I qualified for the Indian Bar in 2016. I sat for both the New York and England & Wales Bar (MCT) examinations this year.
To be eligible to sit for the New York Bar Exam, you need to have an LLM from an American Law School. Further, you need to dedicate approximately 12 credits to the Bar Exam during your LLM. On the other hand, you don’t require an LLM to sit for the England & Wales Examination. You only need to be a lawyer qualified to practice in a common-law jurisdiction.
It was challenging to manage my preparation with work, and it wouldn’t have been possible without the unconditional support of my team. Preparation for both exams is extremely arduous- especially, New York. Both examinations require consistent dedication and a lot of discipline. I used to devote 4-5 hours during weekdays and approximately 10-12 hours a day during the weekends.

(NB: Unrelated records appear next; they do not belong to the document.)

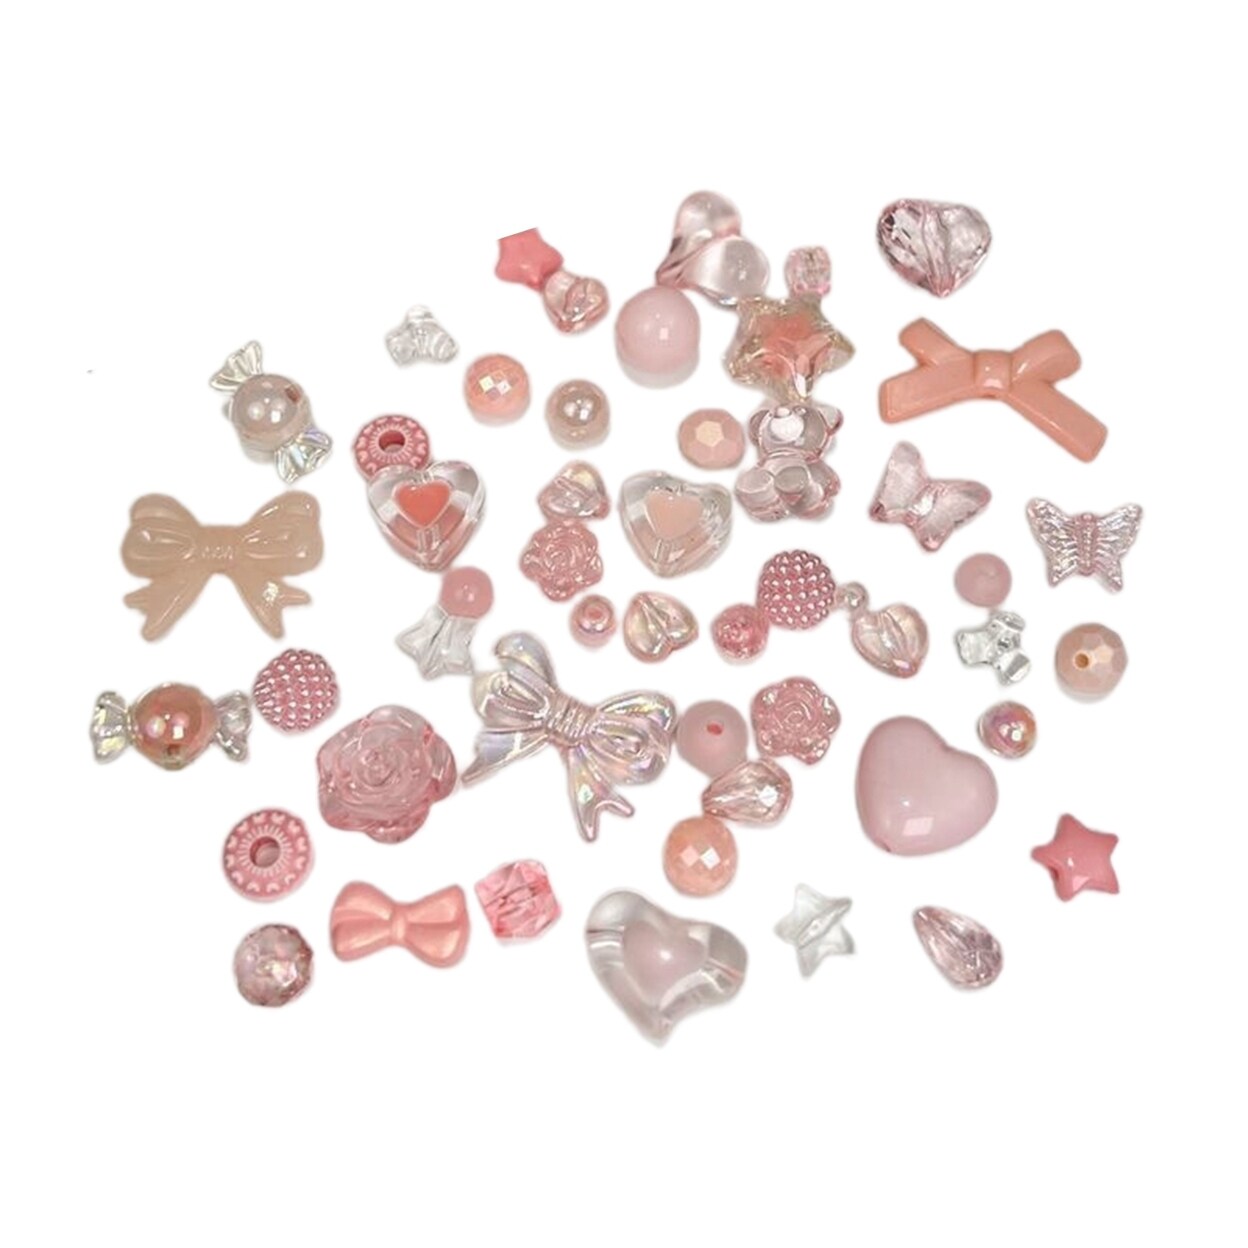 Generic 50g Loose Beads Flower Bear Mixing Style Geometric Jewelry Making Accessories Phone Case Decoration
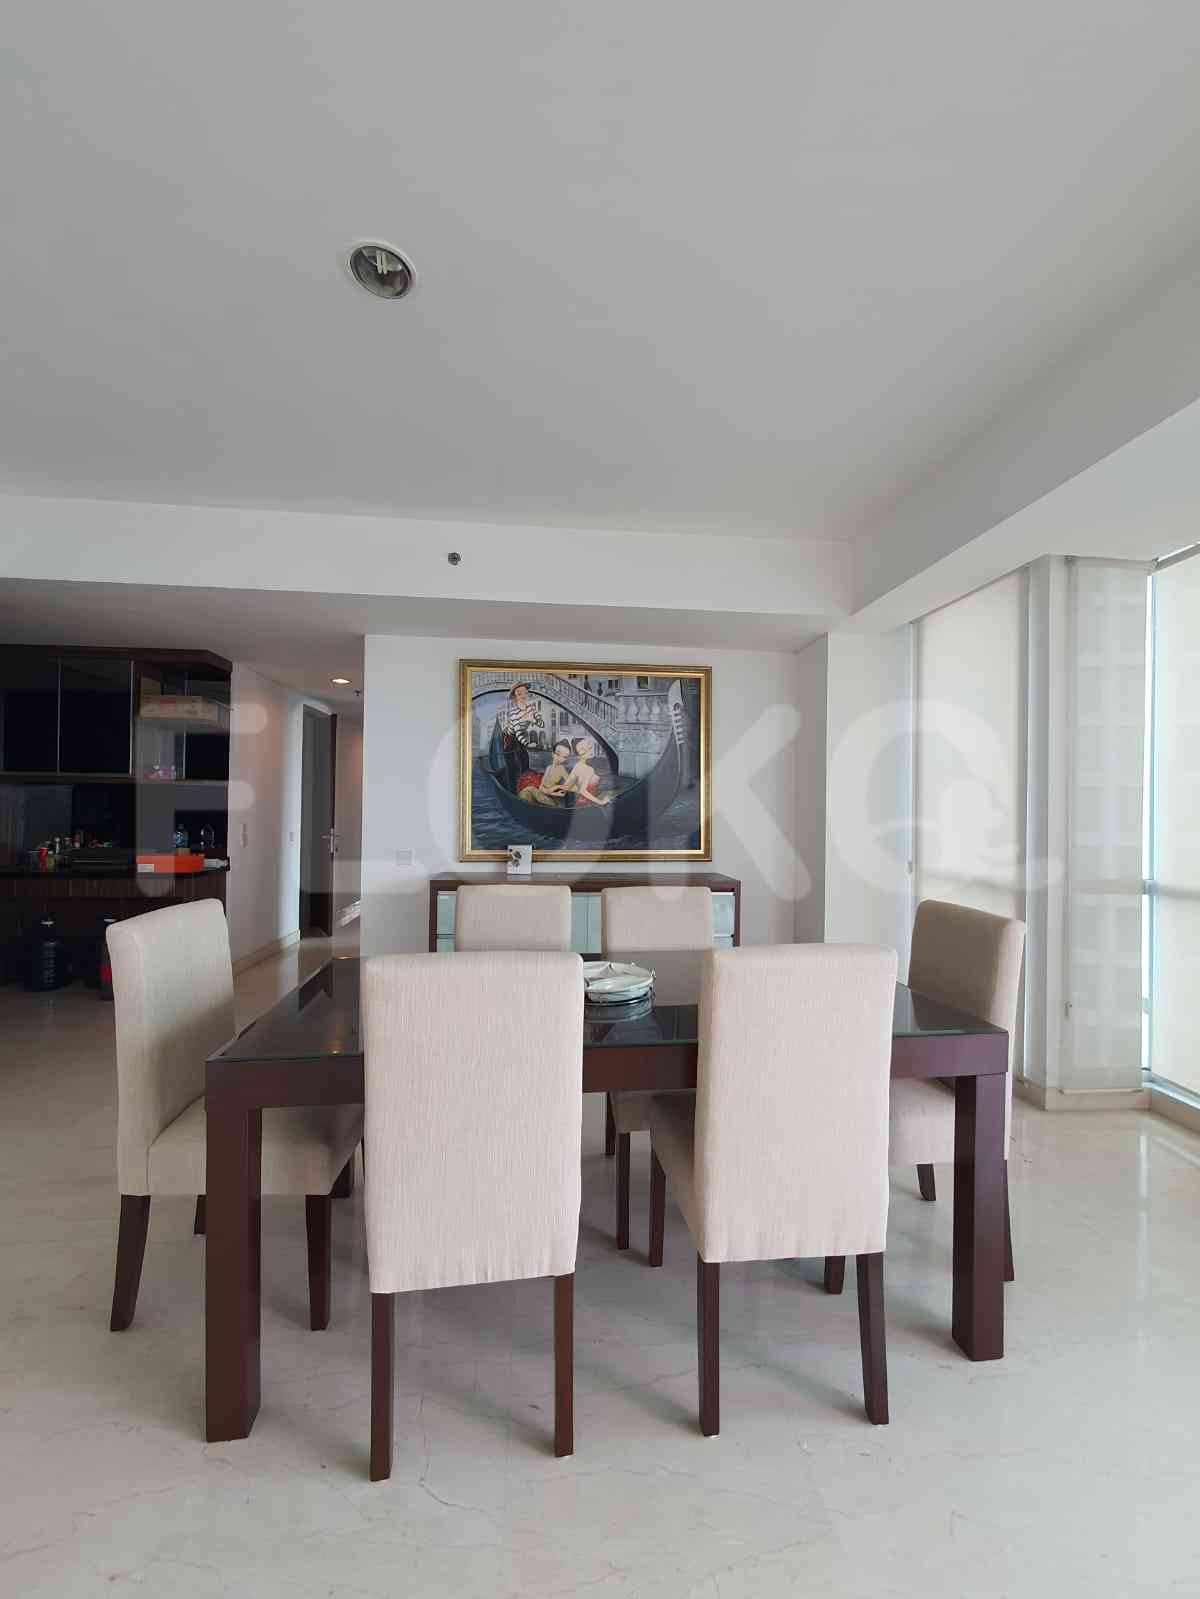 3 Bedroom on 15th Floor for Rent in Kemang Village Residence - fked84 4
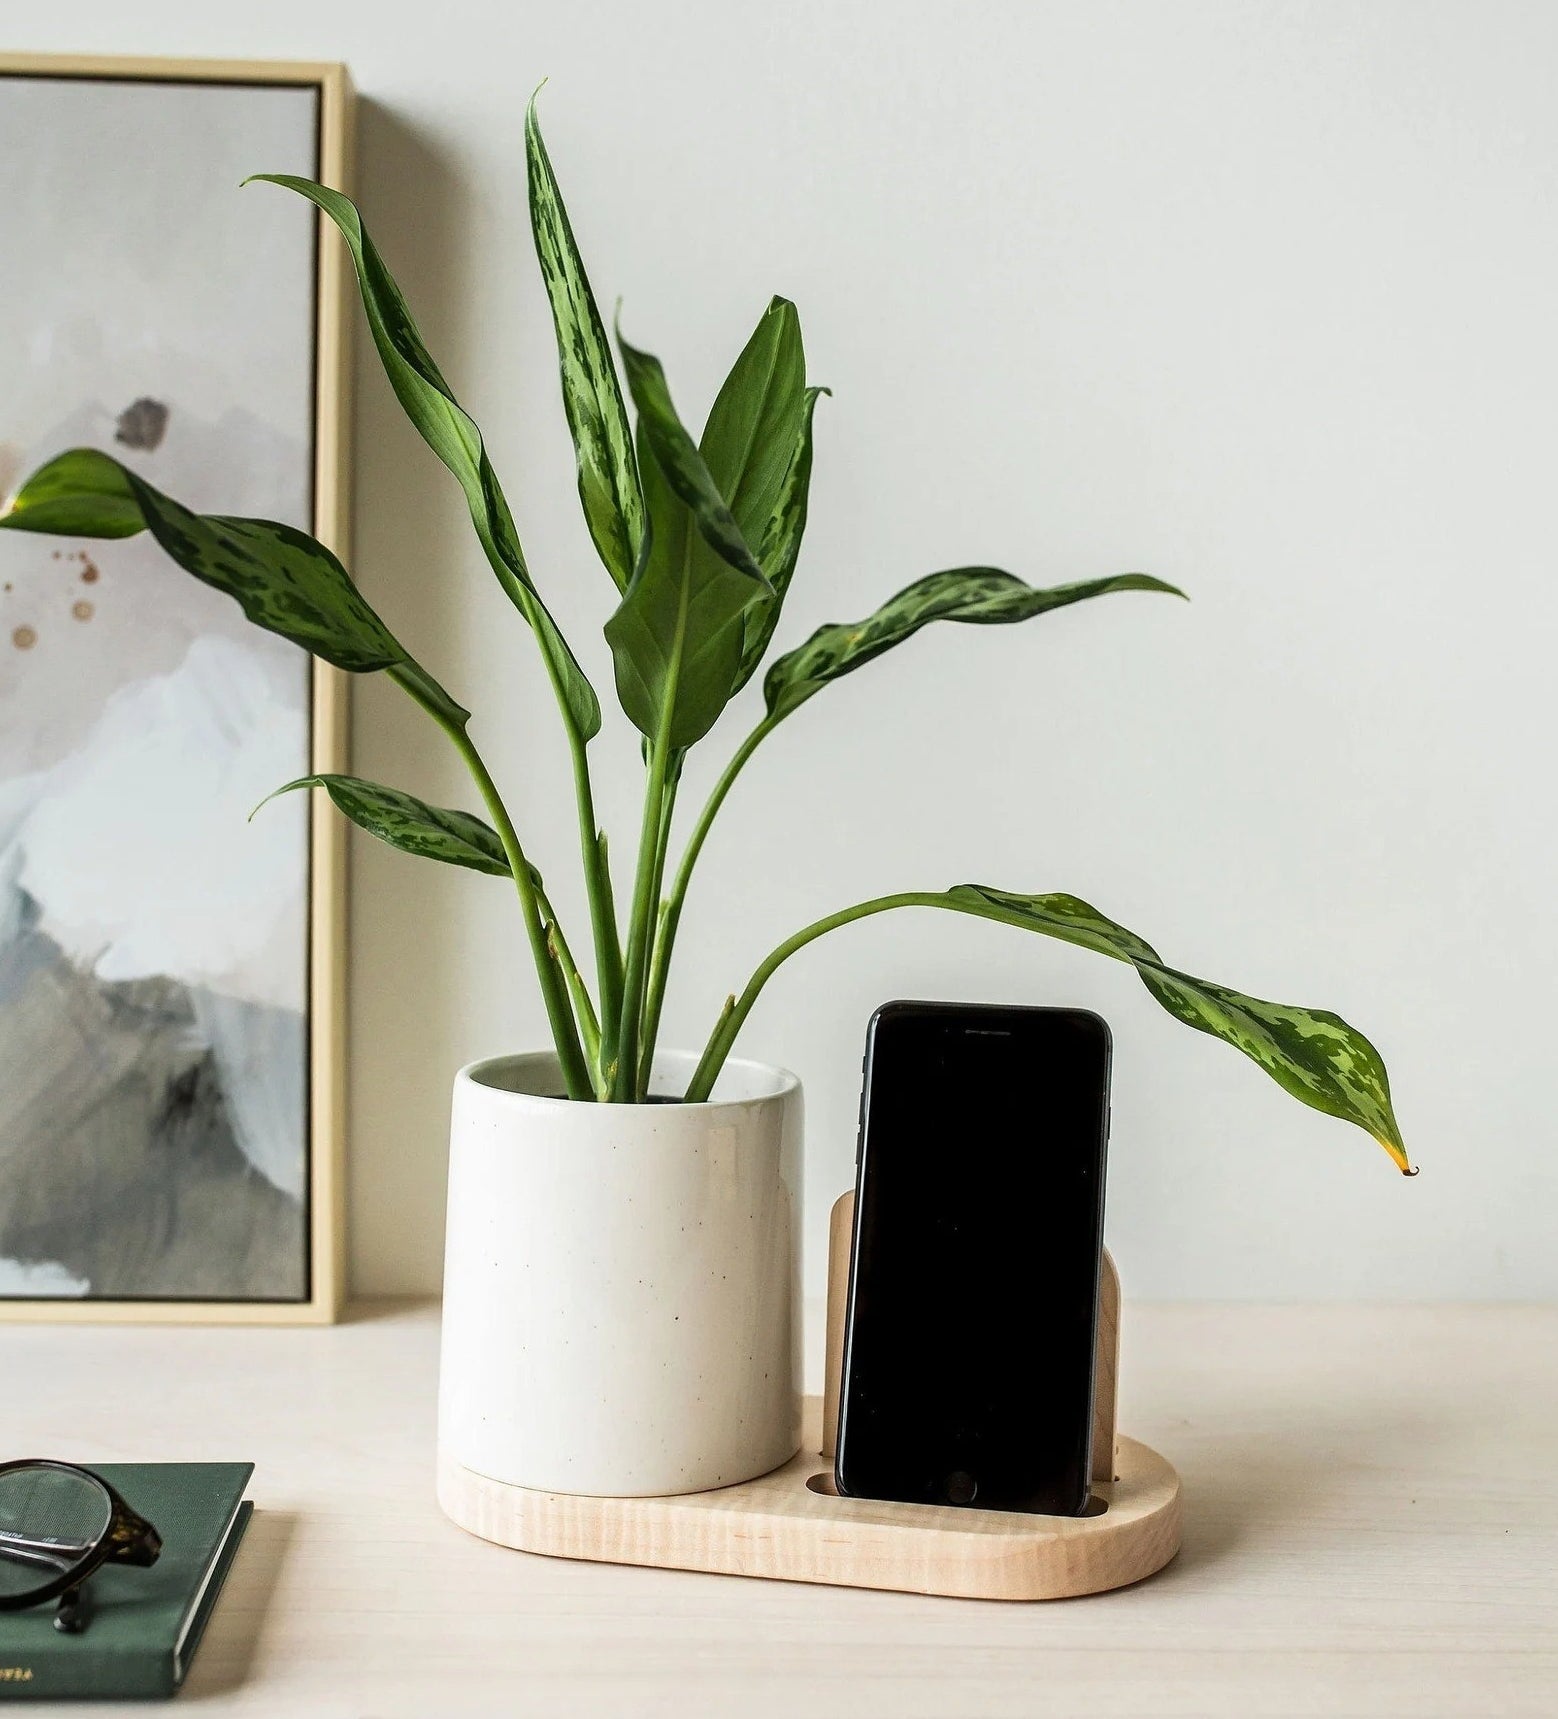 A planter and phone holder are shown

You have also been invited by International Organisations such as WIPO and leading law schools in India to deliver guest lectures on Fintech & Emerging Tech. Your work has also been published in international journals. Are you interested in simultaneously pursuing a career in academia?
I am definitely interested in contributing as visiting faculty at universities and law schools in India. I have been fortunate enough to be invited by some law schools in this regard. Further, I really enjoy legal research and legal writing. Going forward, I would like to write and publish more on topical legal issues. I feel this provides an opportunity to conduct in-depth research on a particular area of law and to pen legal arguments in a cogent manner which in turn helps gain clarity on the law. Similarly, teaching a subject also sharpens your understanding of a particular area of law as you explain the concepts in a simple way (often through illustrations and examples) to students.
What does your legal career trajectory look like? What advice would you have for law students & young lawyers who want to pursue a legal career in a similar direction to yours?
Honestly, my heart lies in child rights and juvenile justice, but I hope to garner as much experience as I can in the next 4-5 years in different areas of law before jumping back into it and establishing my own practice. Eventually, joining politics is also on the cards.
I think my advice is that law students and young lawyers shouldn’t be in a hurry to specialise. There is merit in being a generalist rather than a specialist early on in your legal career. Second, be kind to yourself during the process. I have a hard time practising this as well, so this is my advice to myself too. Failure is inevitable, and you need to keep at it despite it. Third, invest in your friendships and relationships. Take out time for people who matter. Don’t prioritize work over your mental & emotional well-being. On your worst days, your investment in your friendships will always come through.